Thirteen-week oral toxicity study of fermented ginseng, GBCK25, in Sprague-Dawley rats.

Abstract Ginseng (Panax ginseng) is commonly used in Asia as a medicinal herb. In particular, fermented ginseng, GBCK25, has been recently developed to increase ginsenoside absorption. It also has other beneficial biological effects such as hemodynamic and anti-inflammation functions. Here, we investigated the potential toxicity of GBCK25 in Sprague–Dawley rats following 13 weeks of GBCK25 treatment by oral gavage at doses of 250, 500, or 1000 mg/kg/day and reversible toxic effects over a 4-week recovery phase.

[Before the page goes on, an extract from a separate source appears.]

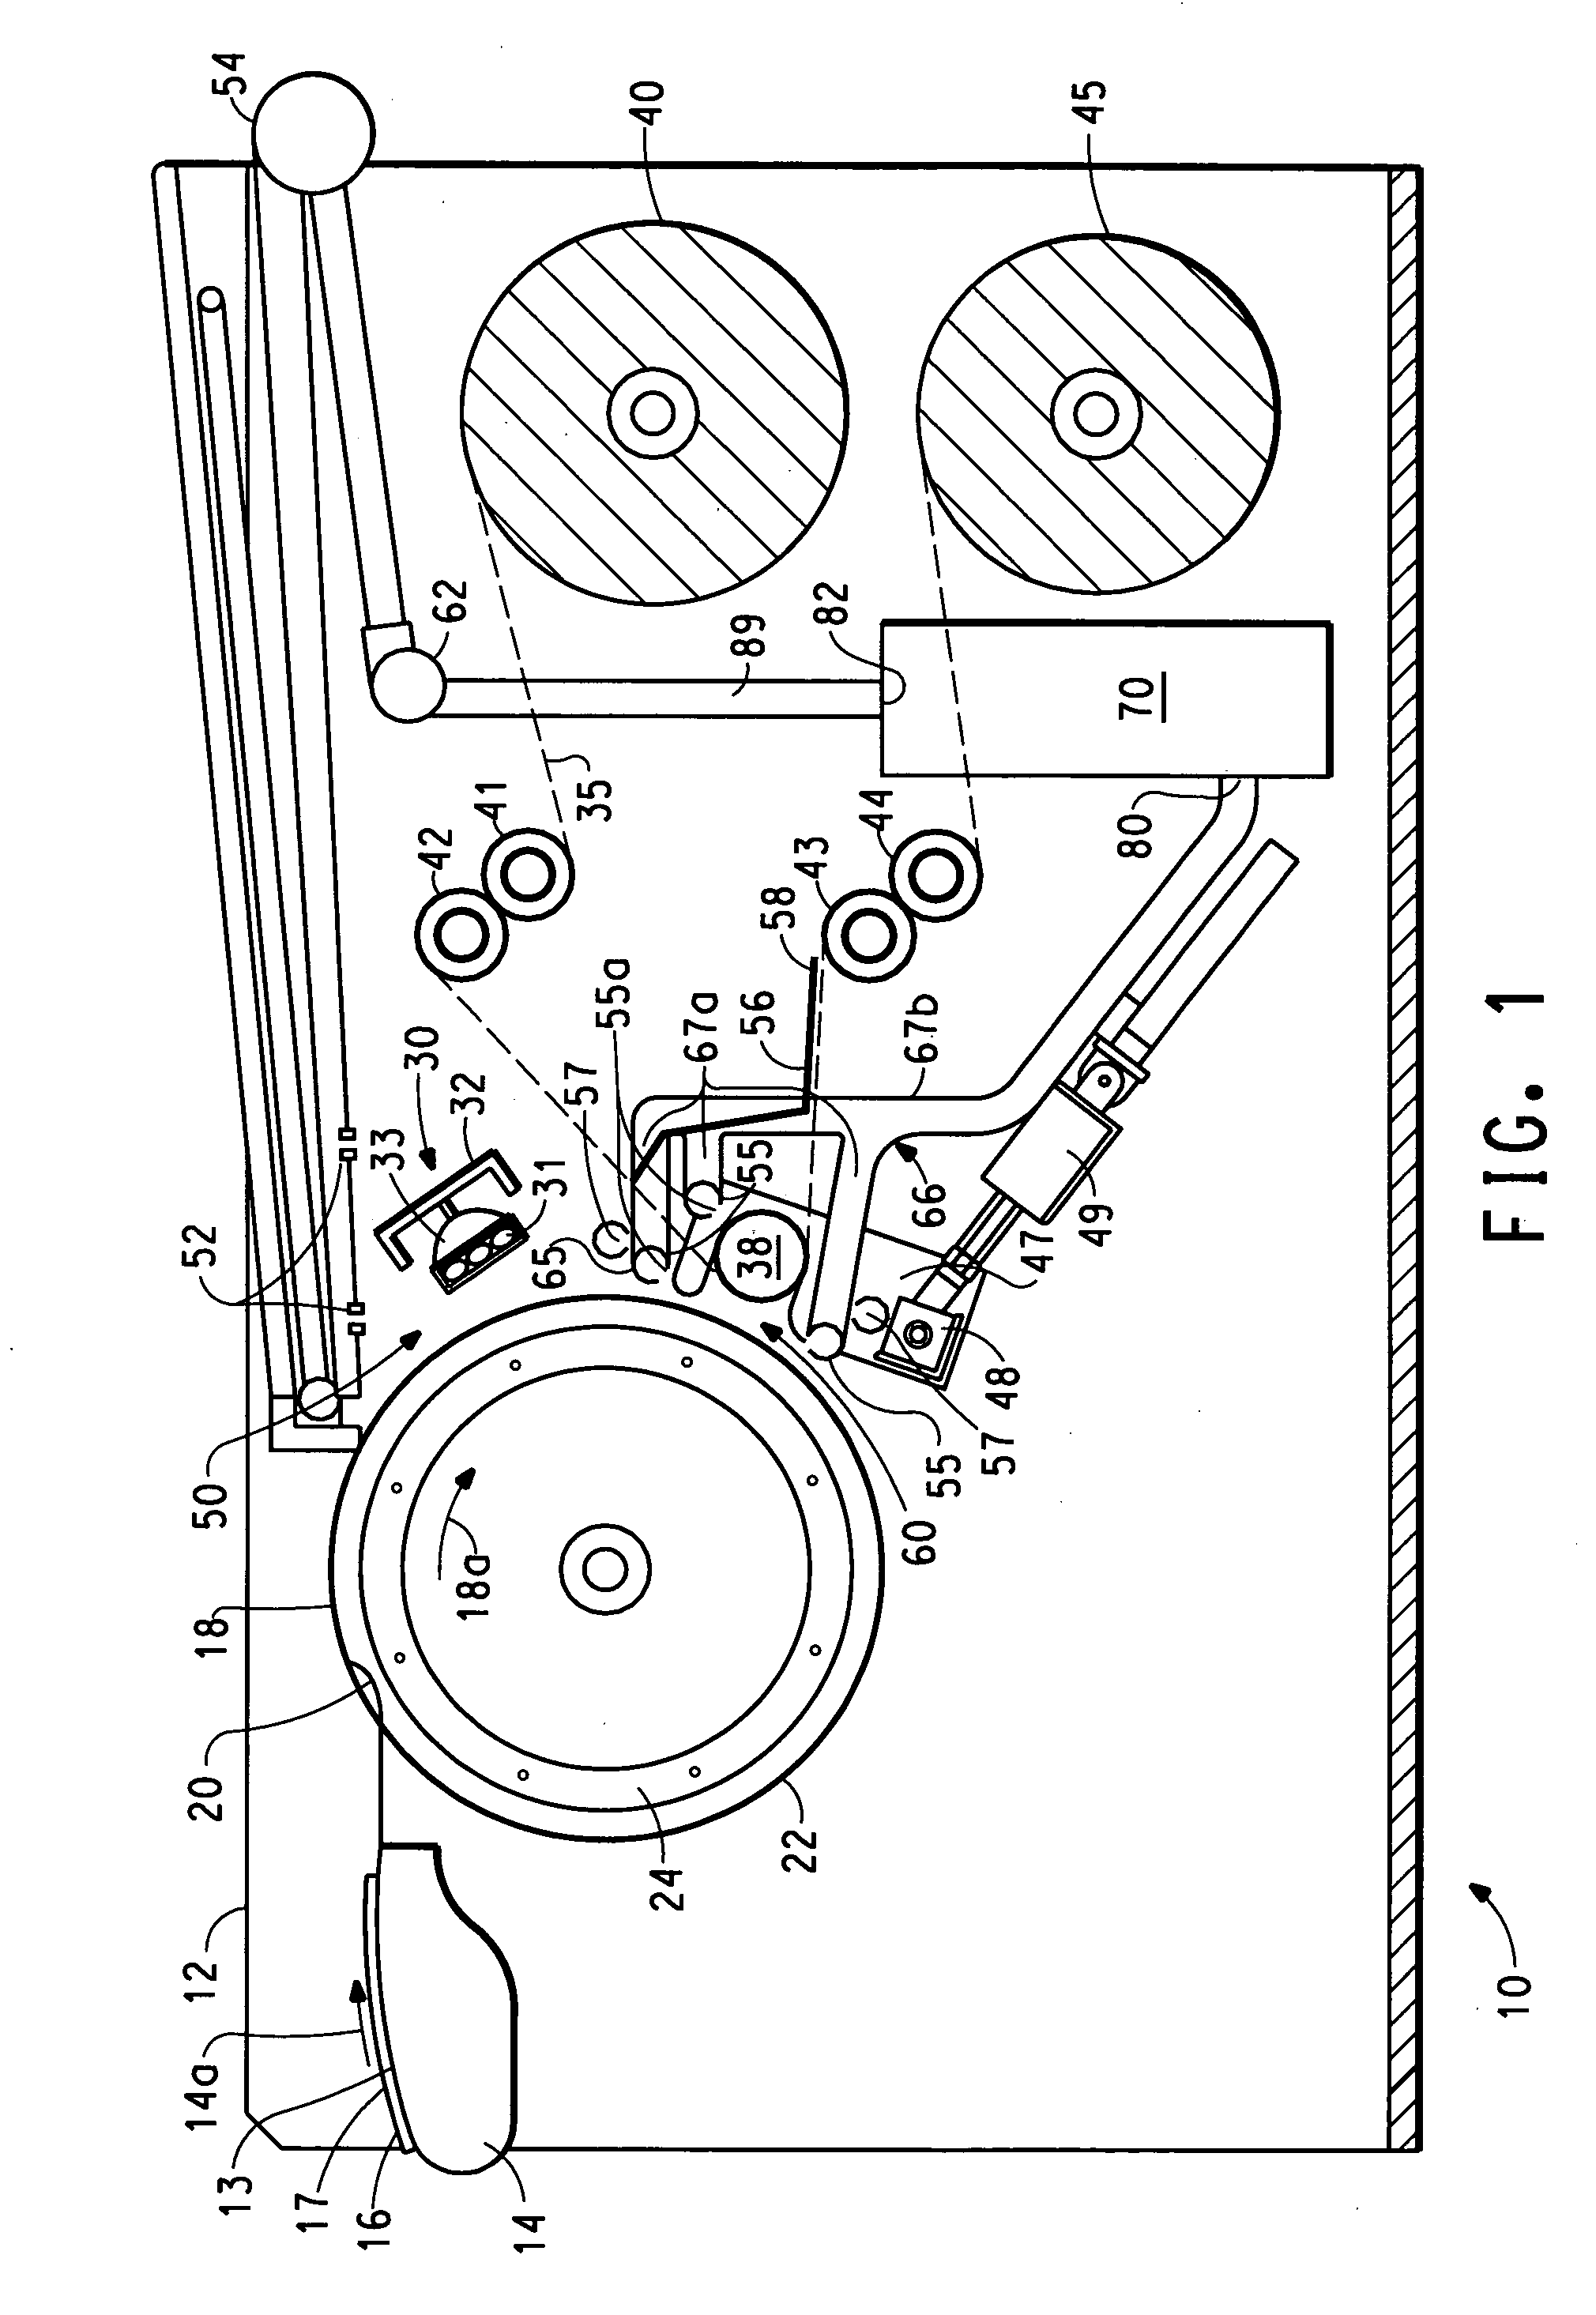 Method and apparatus for thermal development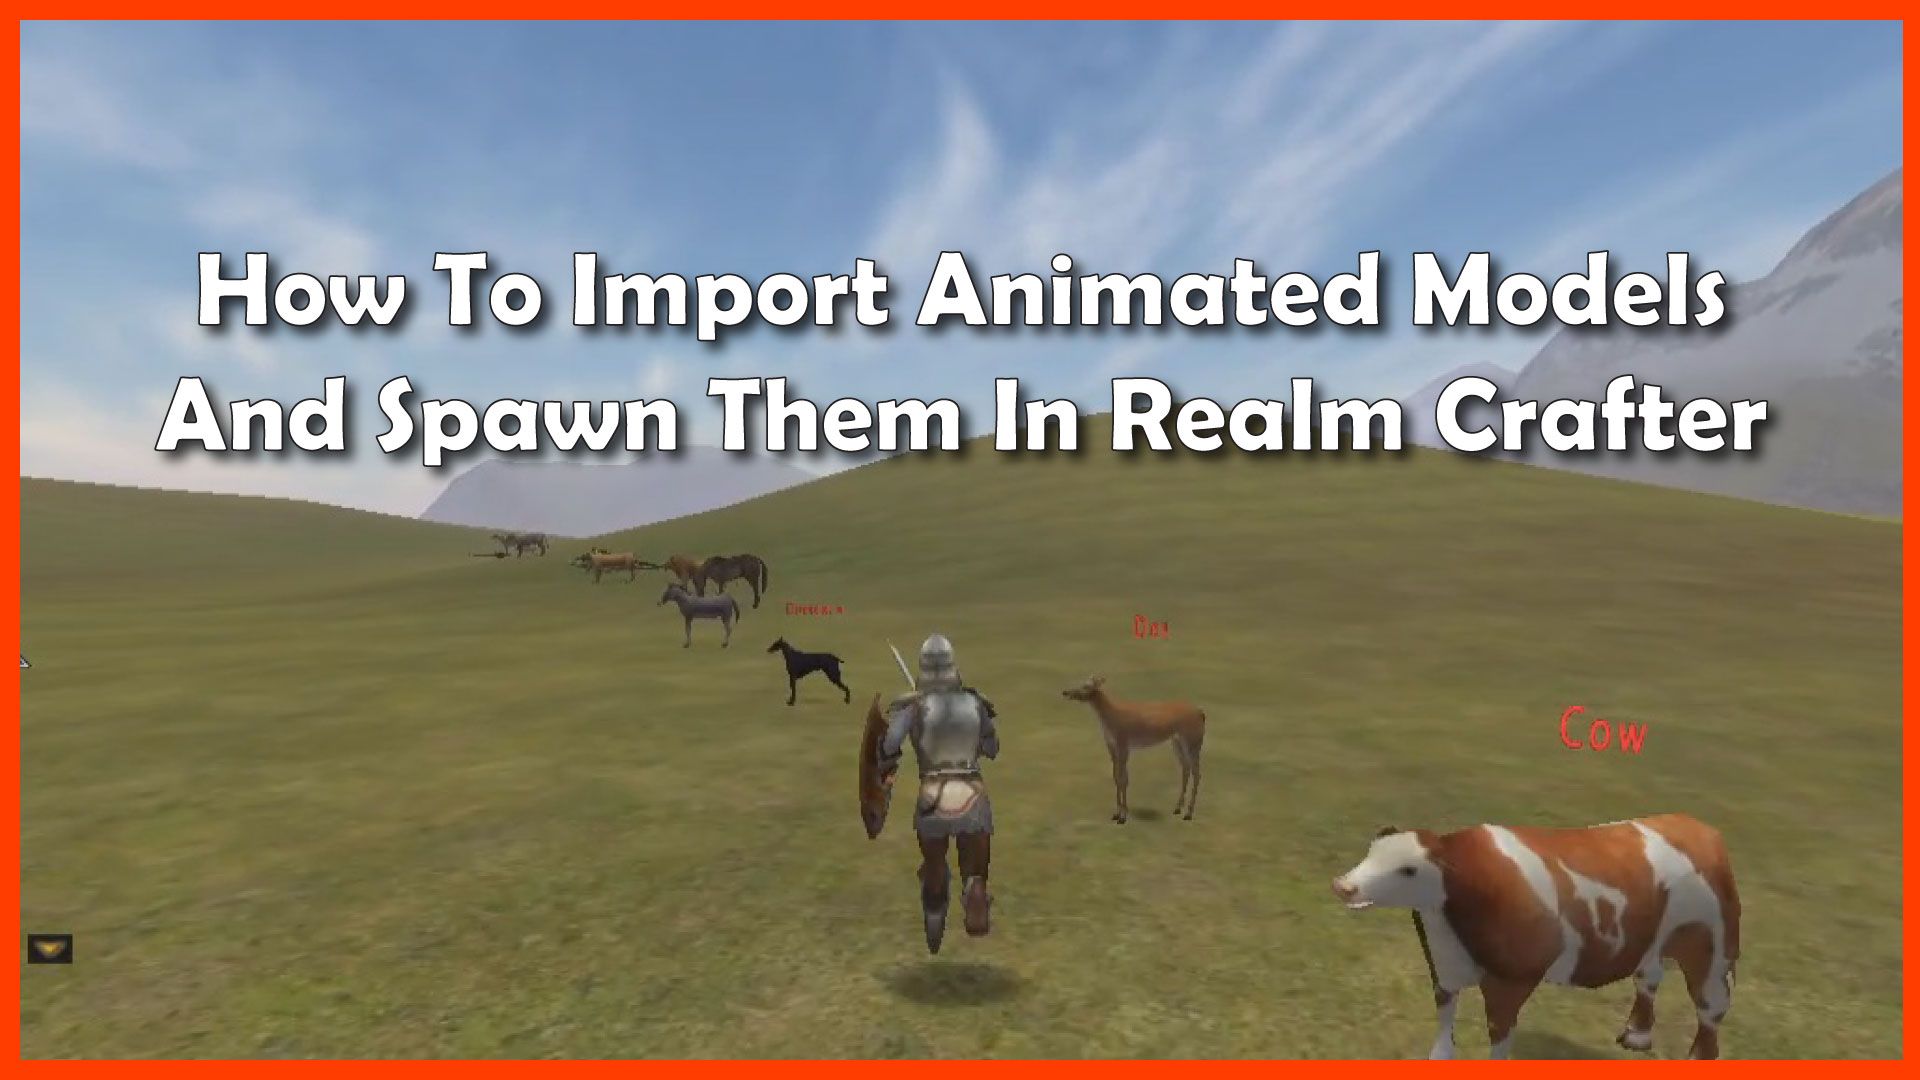 how to import animated models and spawn them in realm crafter title image

Ten male and female rats per group were randomly allocated to the main toxicology groups and five male and female rats per group were allocated to the 0 and 1000 mg/kg/day recovery groups, respectively. There was no mortality; significant clinical toxicity or microscopic findings; and changes in body weight, food consumption, hematological parameters, serum biochemistry, or absolute and relative organ weights in any of the groups. In conclusion, there were no toxicological changes upon repeated oral gavage of GBCK25 at doses of 250, 500, or 1000 mg/kg/day in Sprague–Dawley rats over 13 weeks. The no-observed-adverse-effect level of GBCK25 was 1000 mg/kg/day in both sexes of Sprague–Dawley rat.